Australian Ethical’s funds under management (FUM) slumped 1 per cent to $13.1 billion in the three months to 31 March.
Namely, the March quarter ended with $4.17 billion FUM for its investments business – down from $4.29 billion at the end of last year, and $8.92 billion for its superannuation business, which slipped from $8.96 billion.
However, Aus Ethical said its super business and values-aligned channel proved resilient over the quarter, reporting positive retail and wholesale flows of $110 million.
According to the investment manager, continued superannuation guarantee contributions provided insulation during challenging market conditions and helped to maintain flows.
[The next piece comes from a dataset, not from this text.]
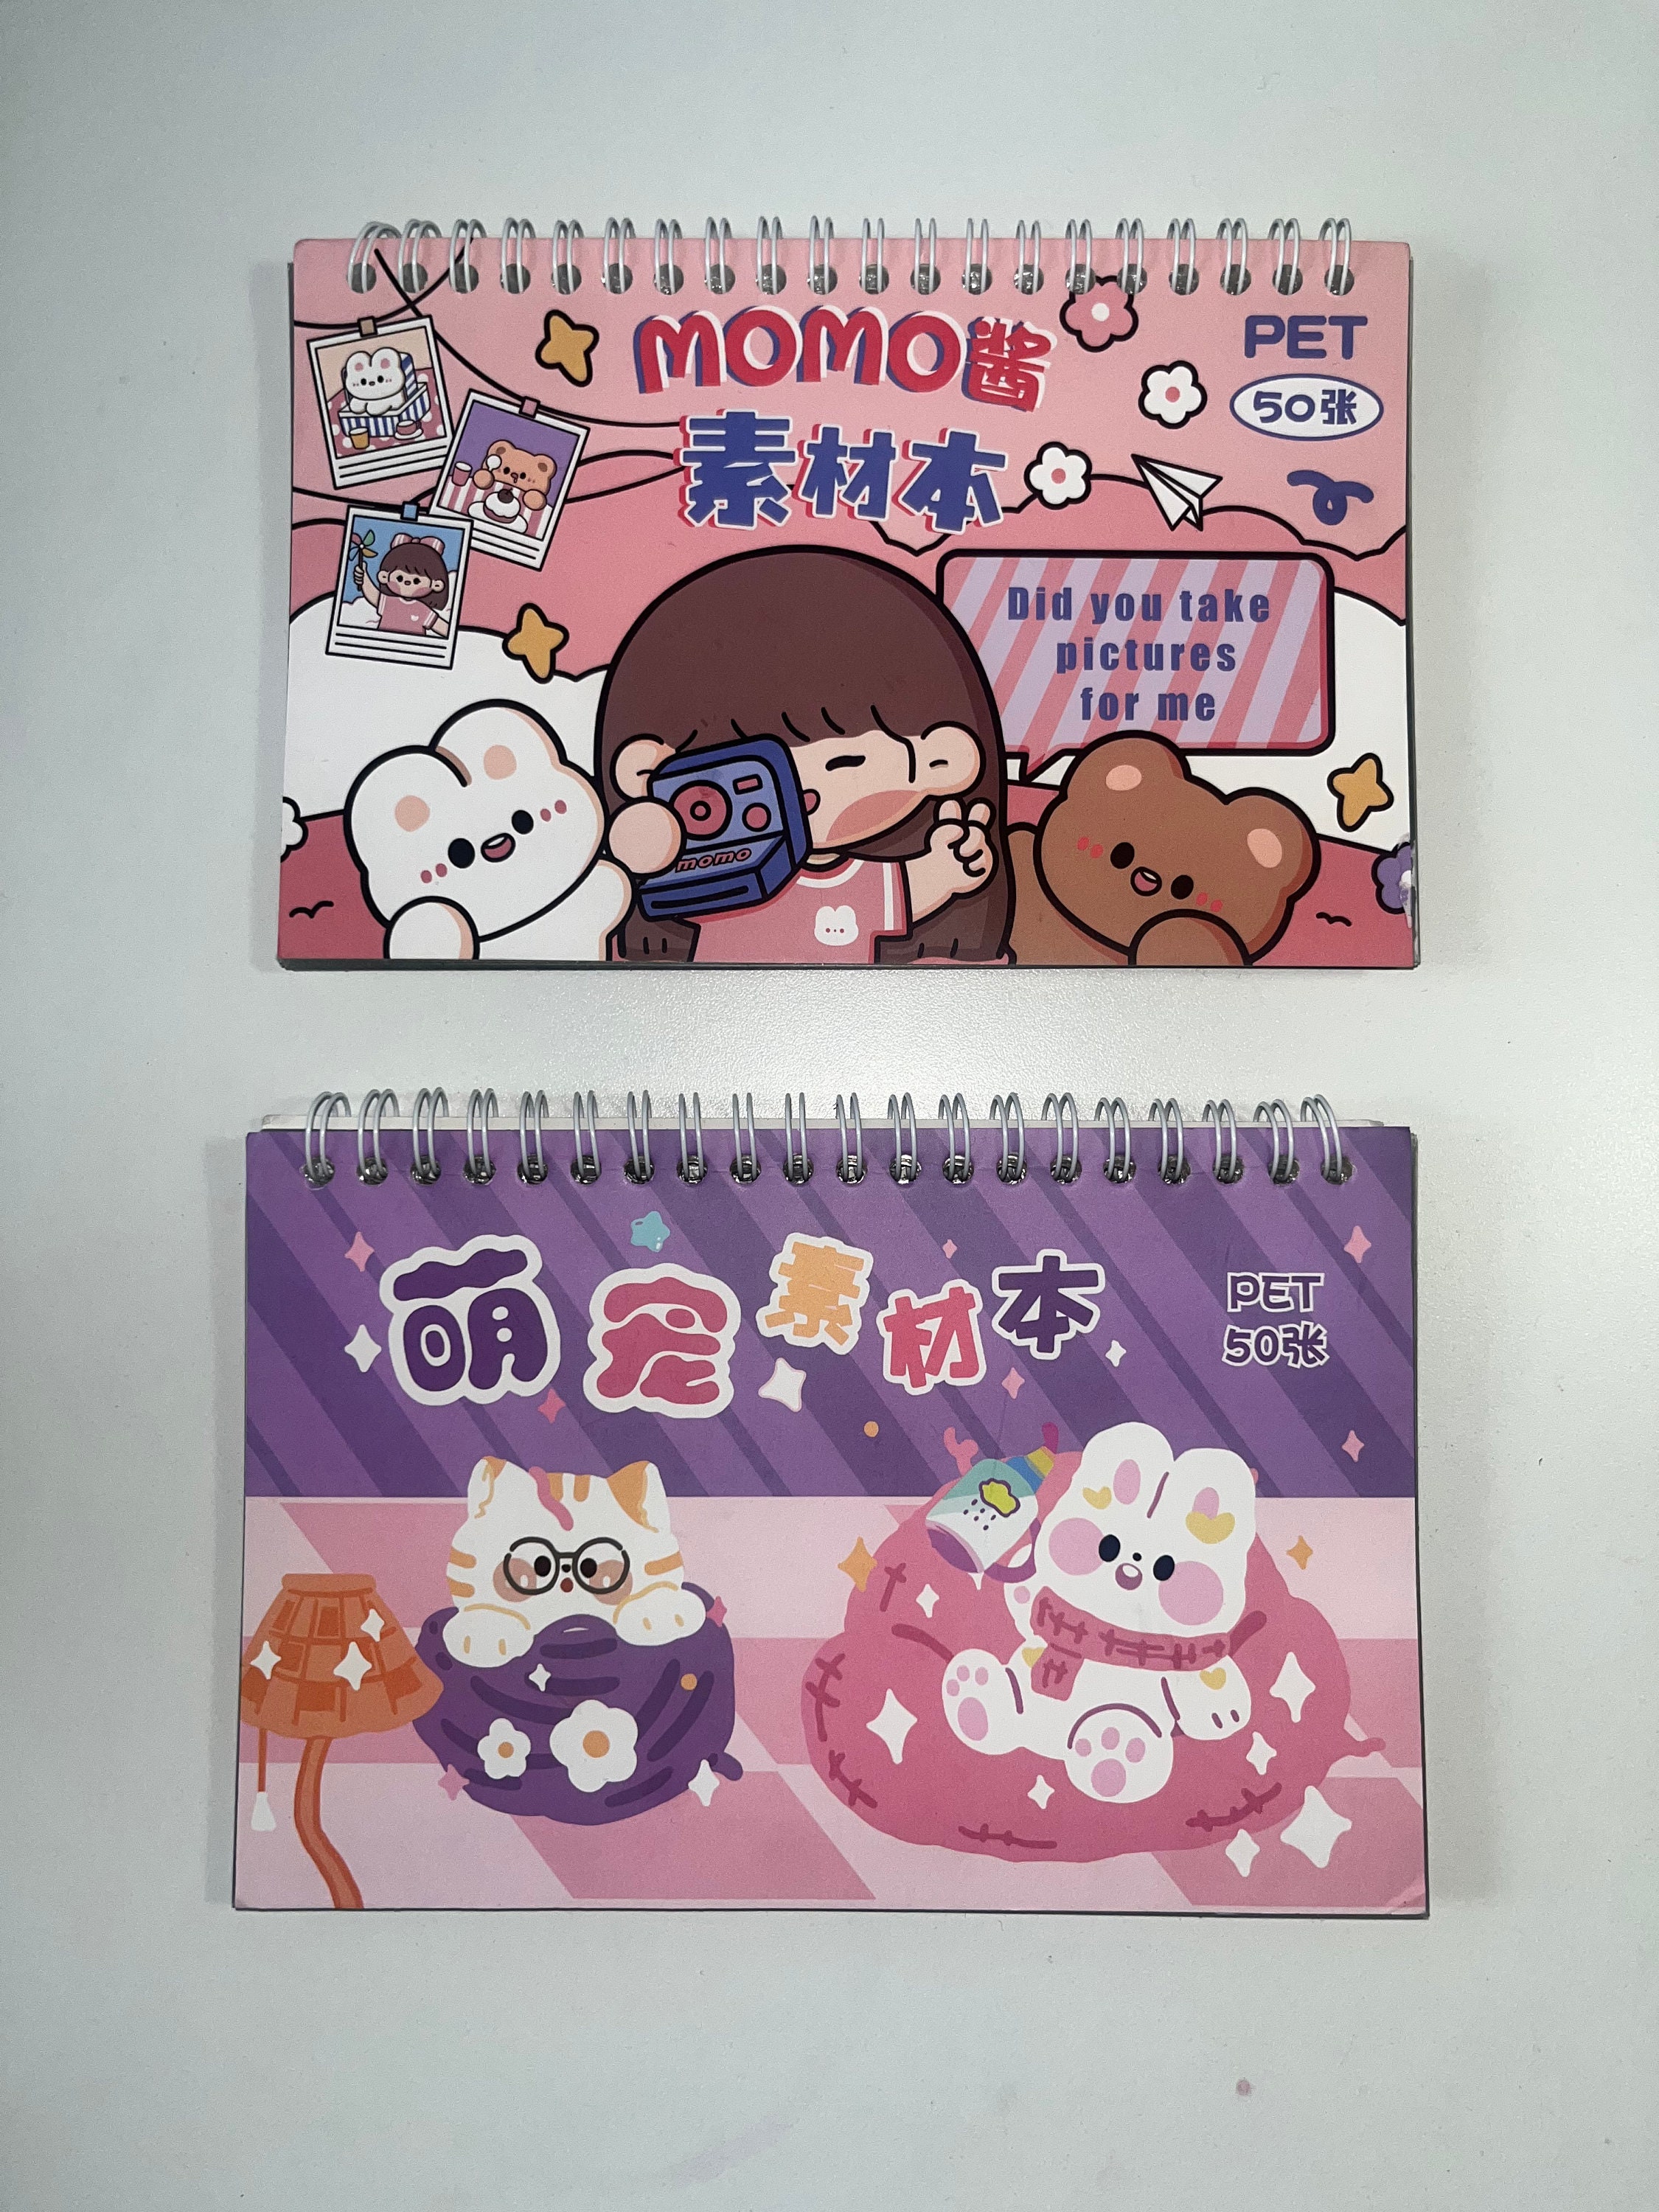 Book Nook  Bujo Sticker Kit – Planner Bunny Press

Moreover, market volatility over the quarter saw the ASX 300 lose some 4 per cent. Aus Ethical confirmed its diversified asset base – which encompasses international equities, private markets, fixed income and local equities – saw a comparatively better, but still negative investment performance of -1.6 per cent for the quarter, or -$220 million.
At the same time, the period witnessed net institutional outflows of some $60 million, which related to fixed income funds and mandates.
“This was driven by an institutional client’s working capital requirements and mortgage capital management. These funds are low margin and the impact on revenue is slight,” it said.
Notably the ethical investment manager continues to see traction in their channel for values-aligned organisations, adding $30 million during the quarter and offsetting redemptions in managed funds and investment products. Net flows into the non-super investment products were $1 million.
Managing director John McMurdo added on Wednesday: “In what has become a challenging market environment, I am pleased that our diversified business model and asset base continues to be resilient with FUM down only 1 per cent to $13.10 billion.
“Regardless of the context, we remain firmly focused on investing in line with our Ethical Charter as we have done for over 38 years and during which we have proven that investing ethically delivers over the long term and during various economic and geopolitical cycles.
“We remain focused on our strategy which continues to deliver positive outcomes for our various stakeholders,” the managing director added.
Meanwhile, and following the resumption of marketing campaigns post the super administration transition to GROW, Aus Super’s member base grew over the period.
It also confirmed that super outflows have moderated since the completion, which saw the transition of some 100,00 members from the Mercer platform to GROW Inc in the second quarter.
In its half-year results, released in February, Aus Ethical said its super channel flows were “predictably below” the comparative half, given its regular marketing program was scaled back during the seven-week limited service period covering the transition.
“While this transition is now complete and operational, improvements to the digital experience to lift rollovers from new members are a key focus area during the fourth quarter,” the firm said.